• ASSIGNMENT:
Only the lines from the one containing "Chypre, 2 Euro, 2008, BU, FDC, Bimétallique, KM:85" to the end of the material are to be copied, exactly and in full; images stay out.

** GIVEN DATA follows **

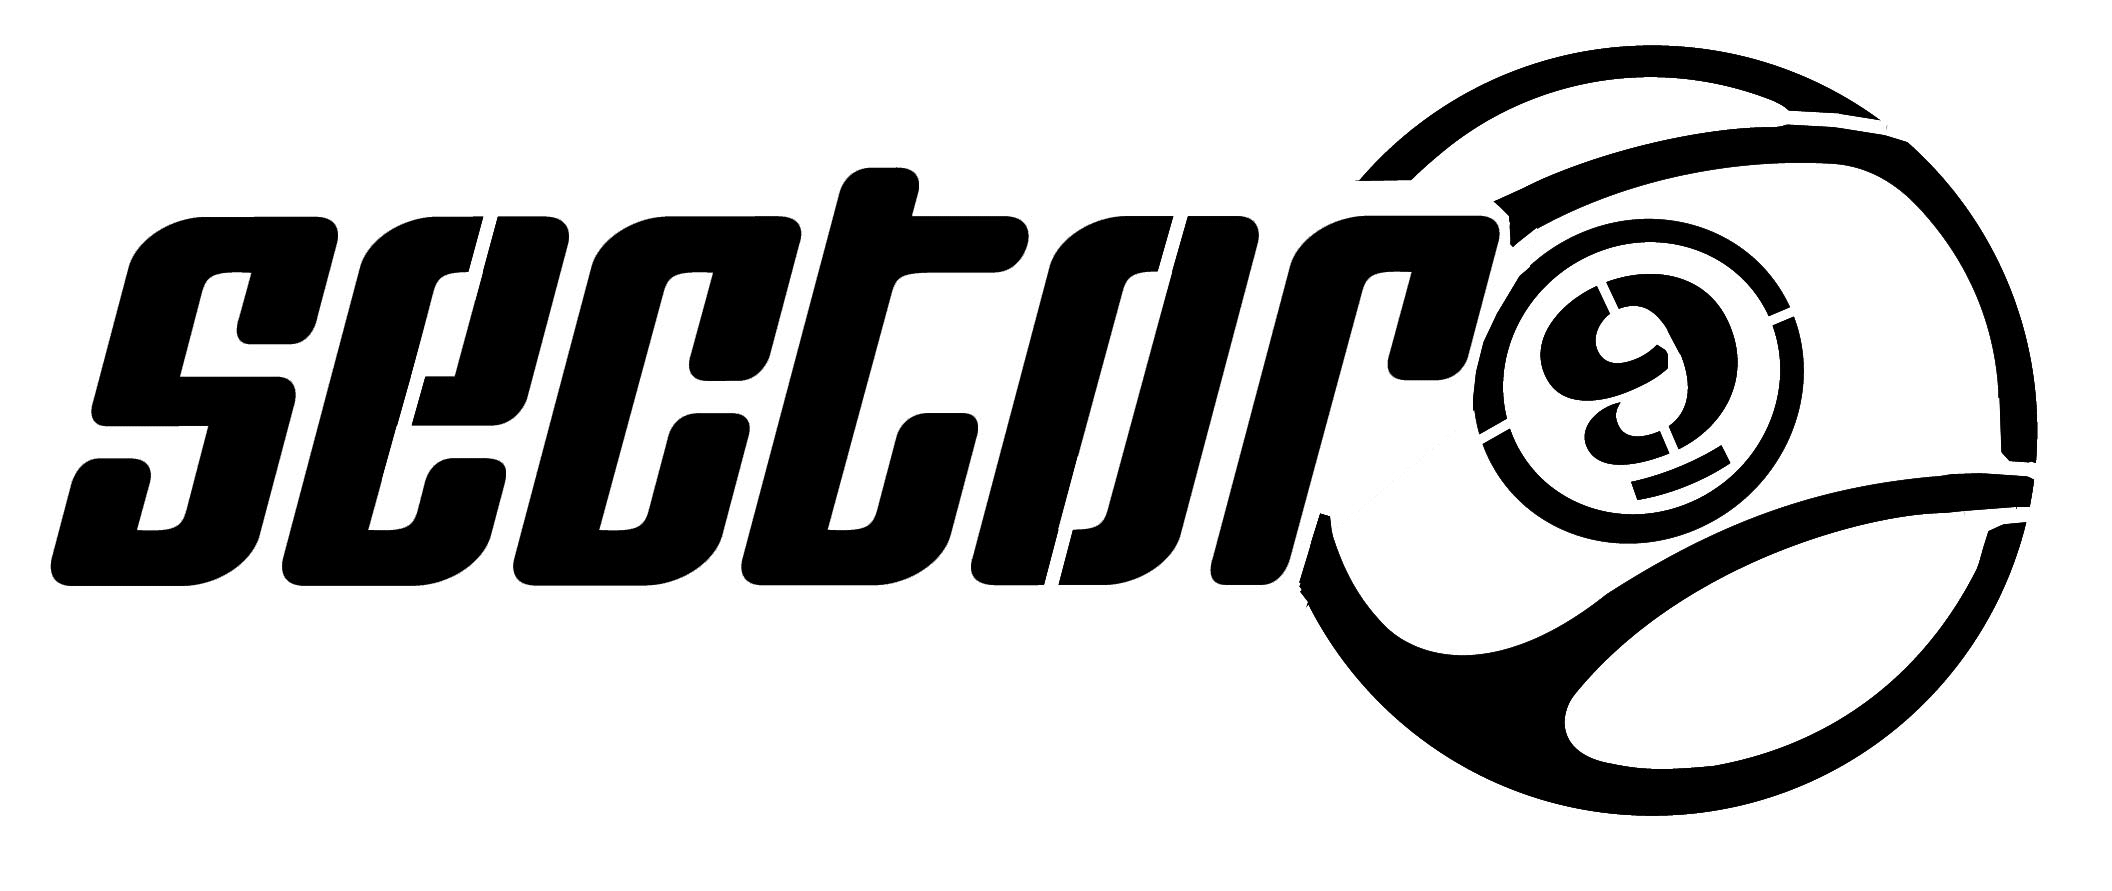 Sector 9 Logo - Sector Logos
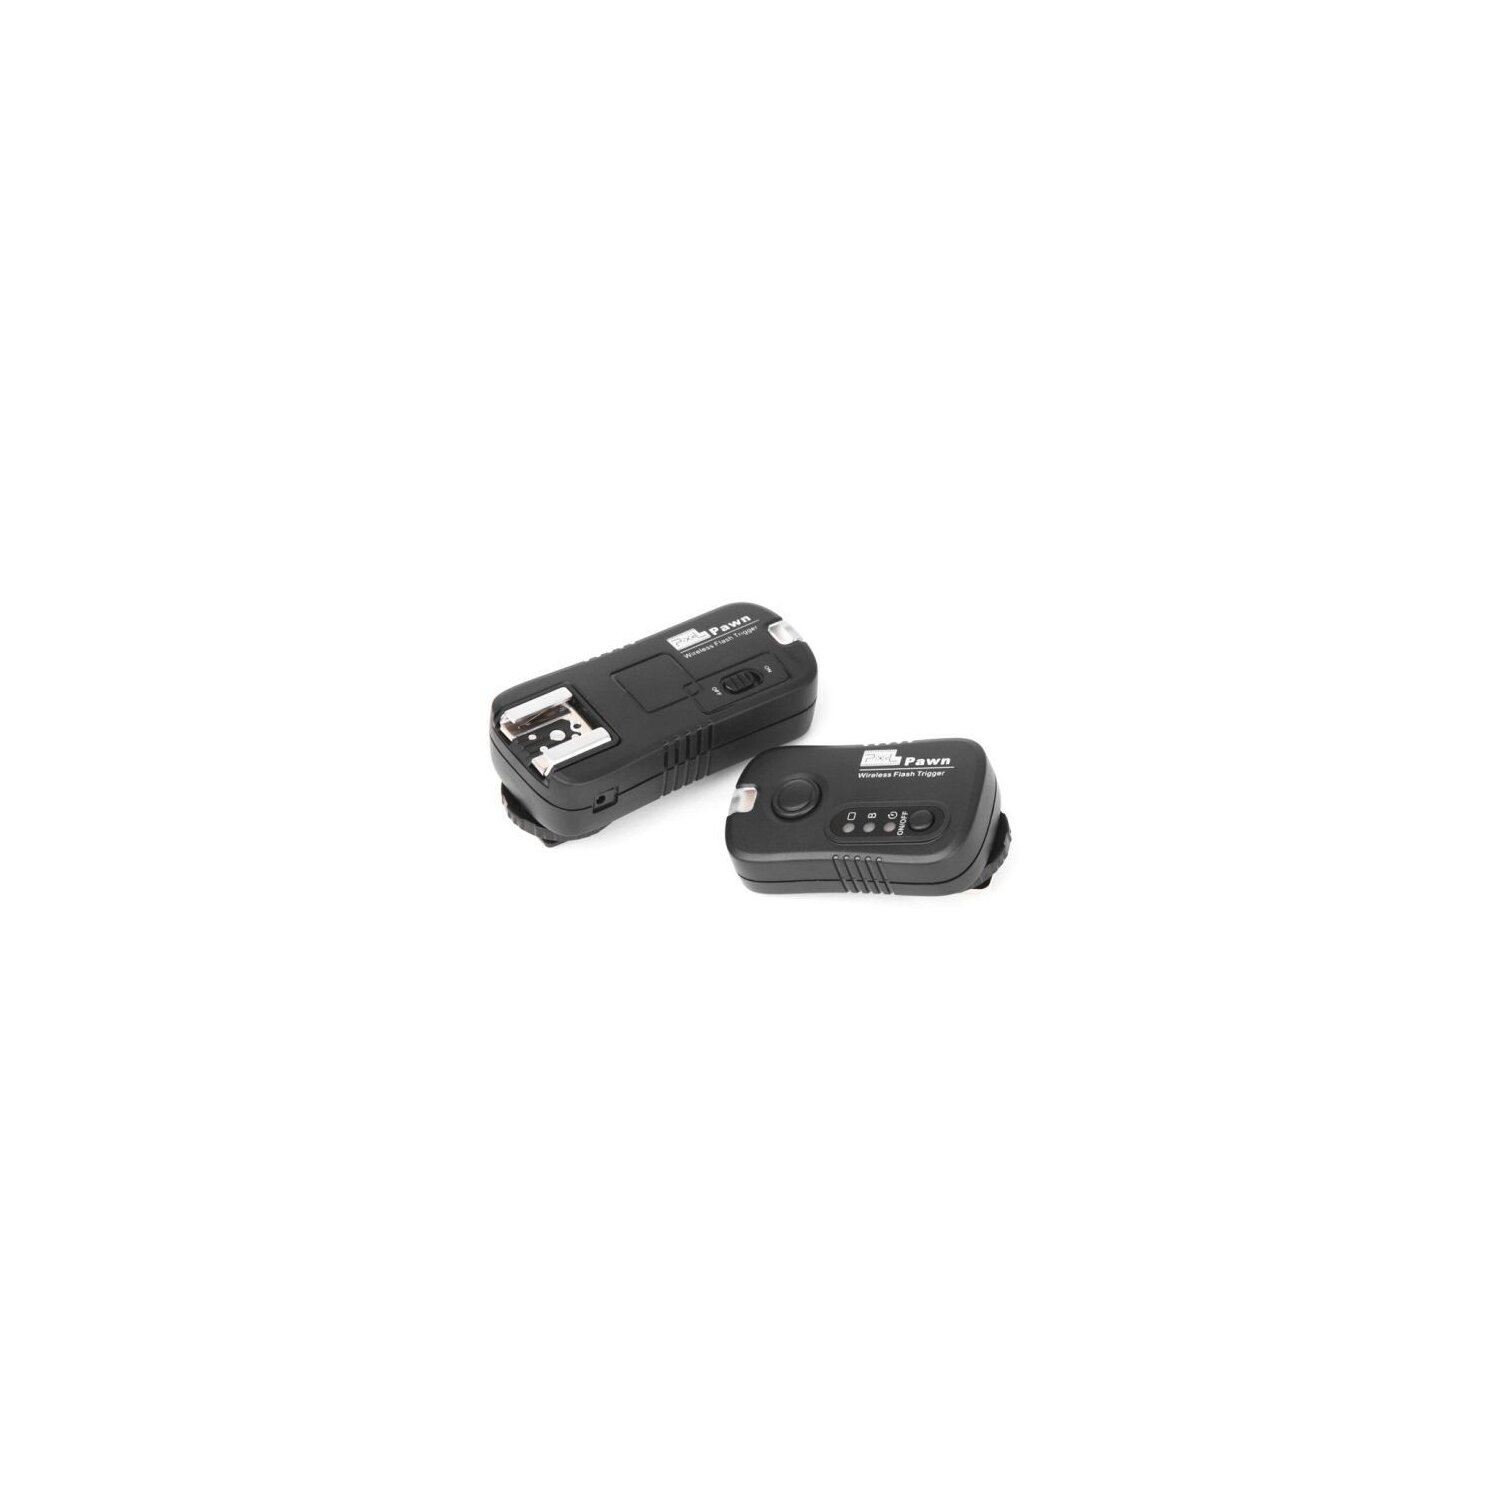 Impulsfoto Pixel Pawn TF-362 Funk Blitzauslöser Set mit 3 Empfängern bis 100m kompatibel mit Nikon Blitzgeräte und Blitz Funkauslöser Kamera 
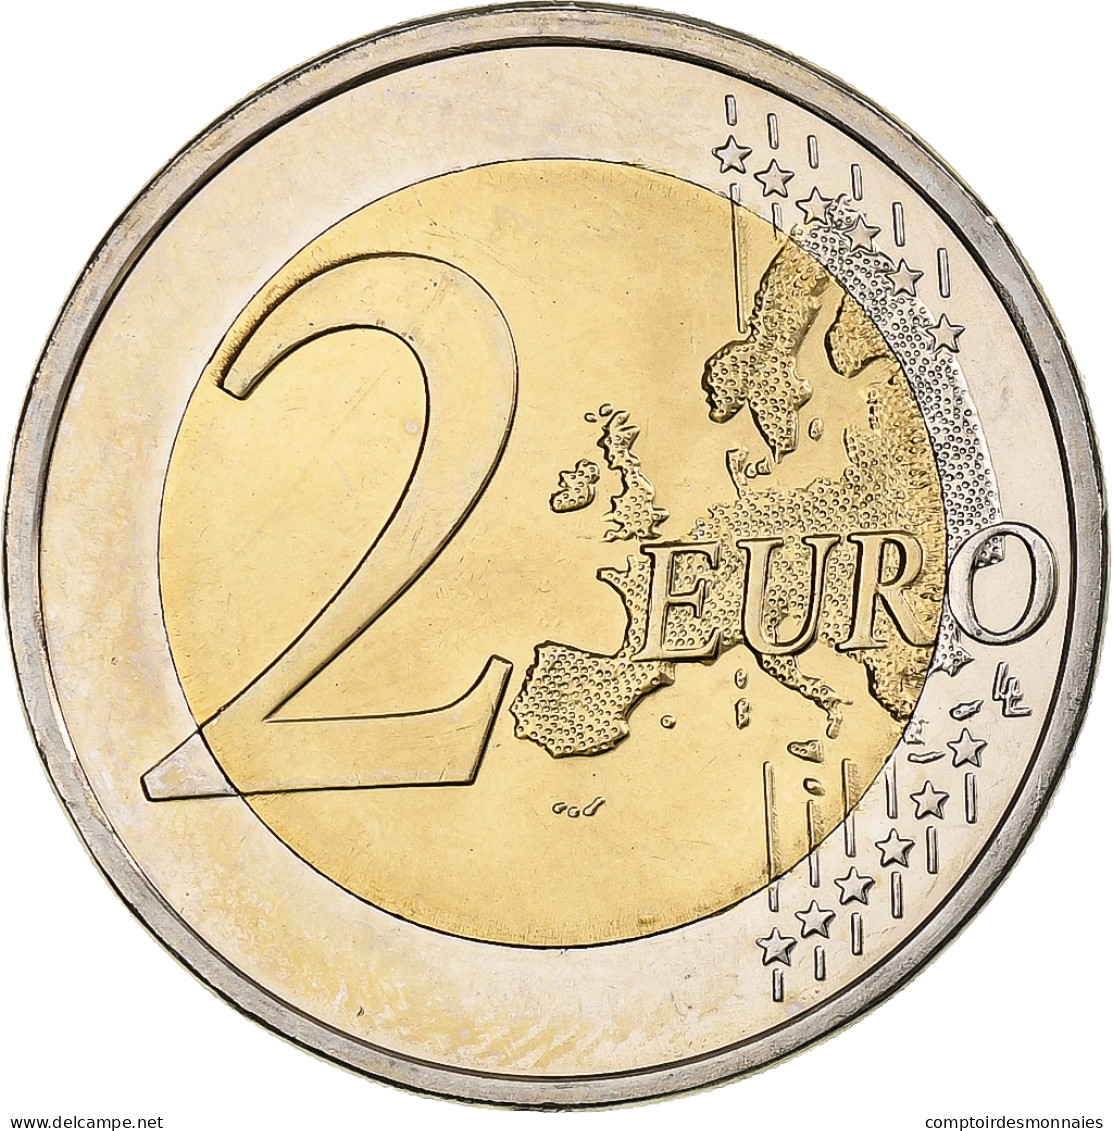 Chypre, 2 Euro, 2008, BU, FDC, Bimétallique, KM:85 - Cyprus
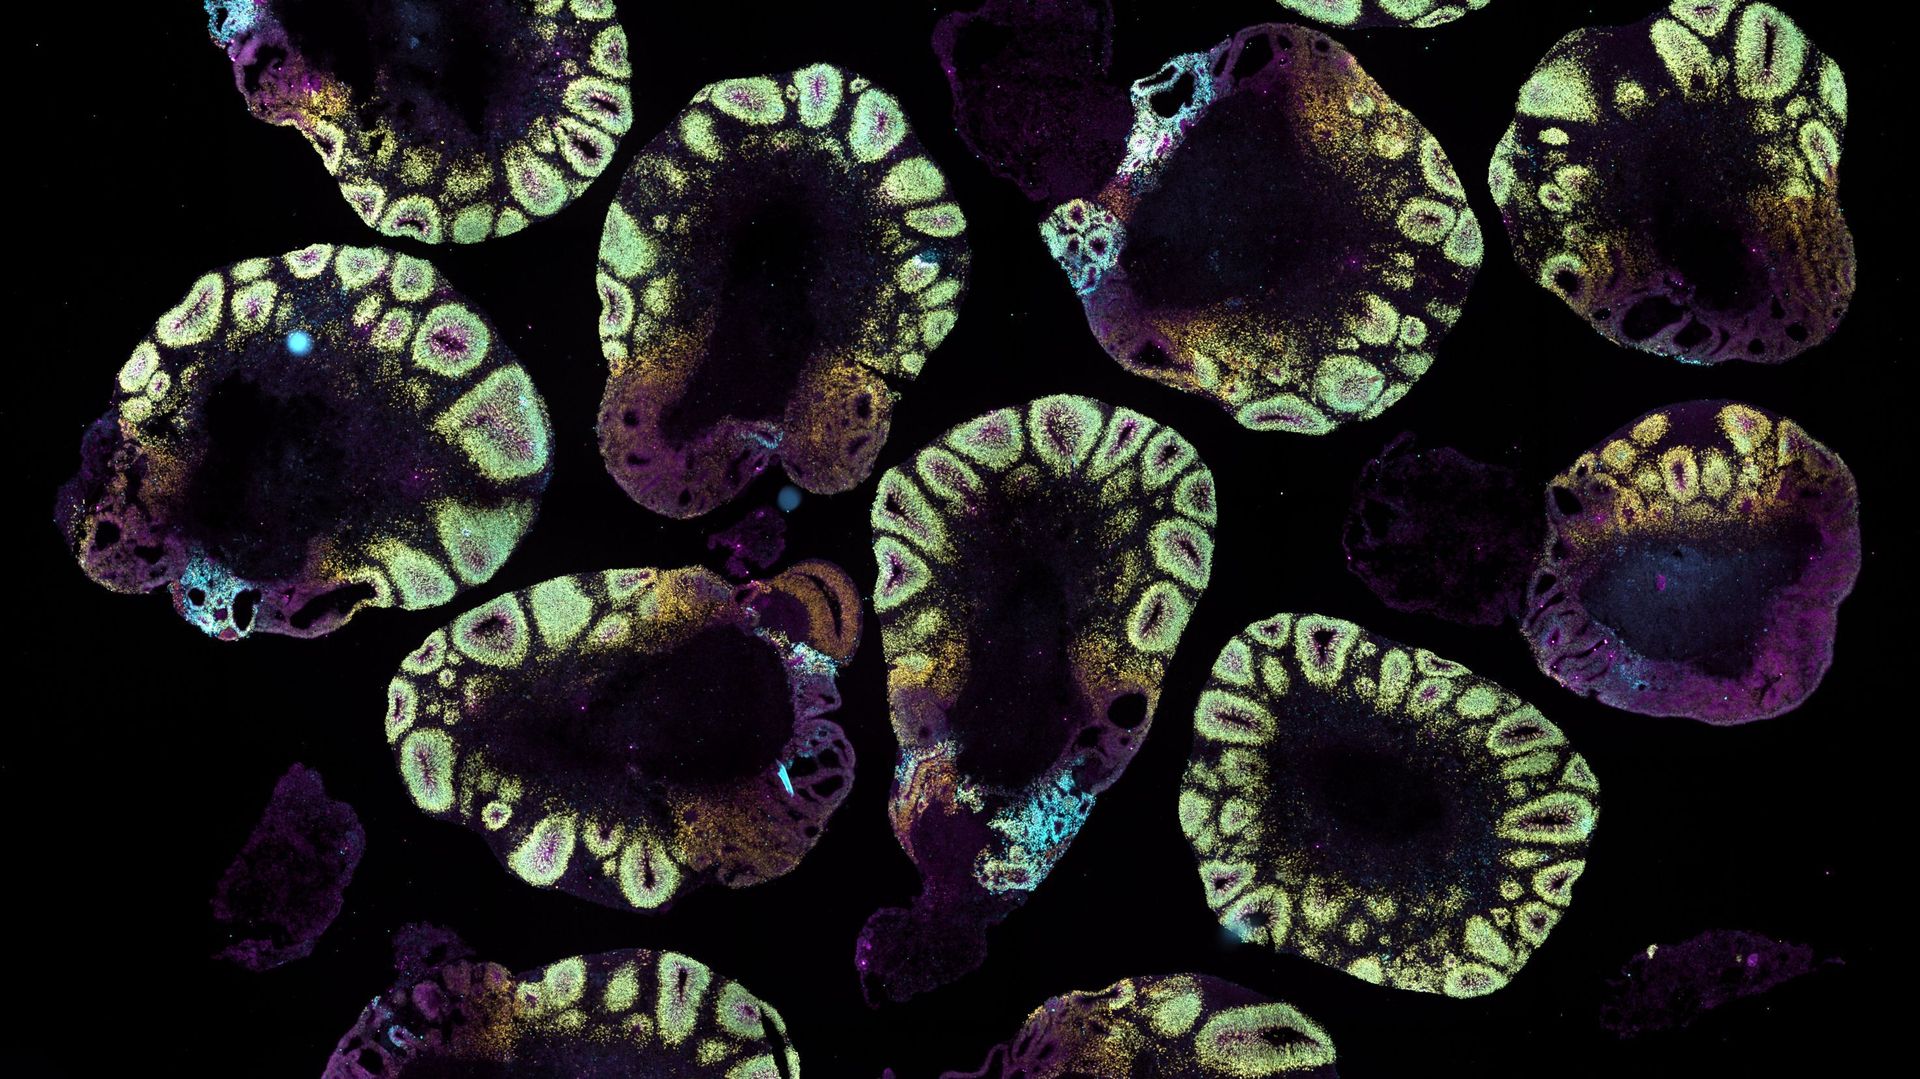 Sur cette deuxième image issue d’un autre groupe d’organoïdes, on reconnaît essentiellement les rosettes formées par les cellules progénitrices neurales.

** End of GIVEN DATA **

• PROBLEM SOLUTION:
 Chypre, 2 Euro, 2008, BU, FDC, Bimétallique, KM:85 - Cyprus
 Sur cette deuxième image issue d’un autre groupe d’organoïdes, on reconnaît essentiellement les rosettes formées par les cellules progénitrices neurales.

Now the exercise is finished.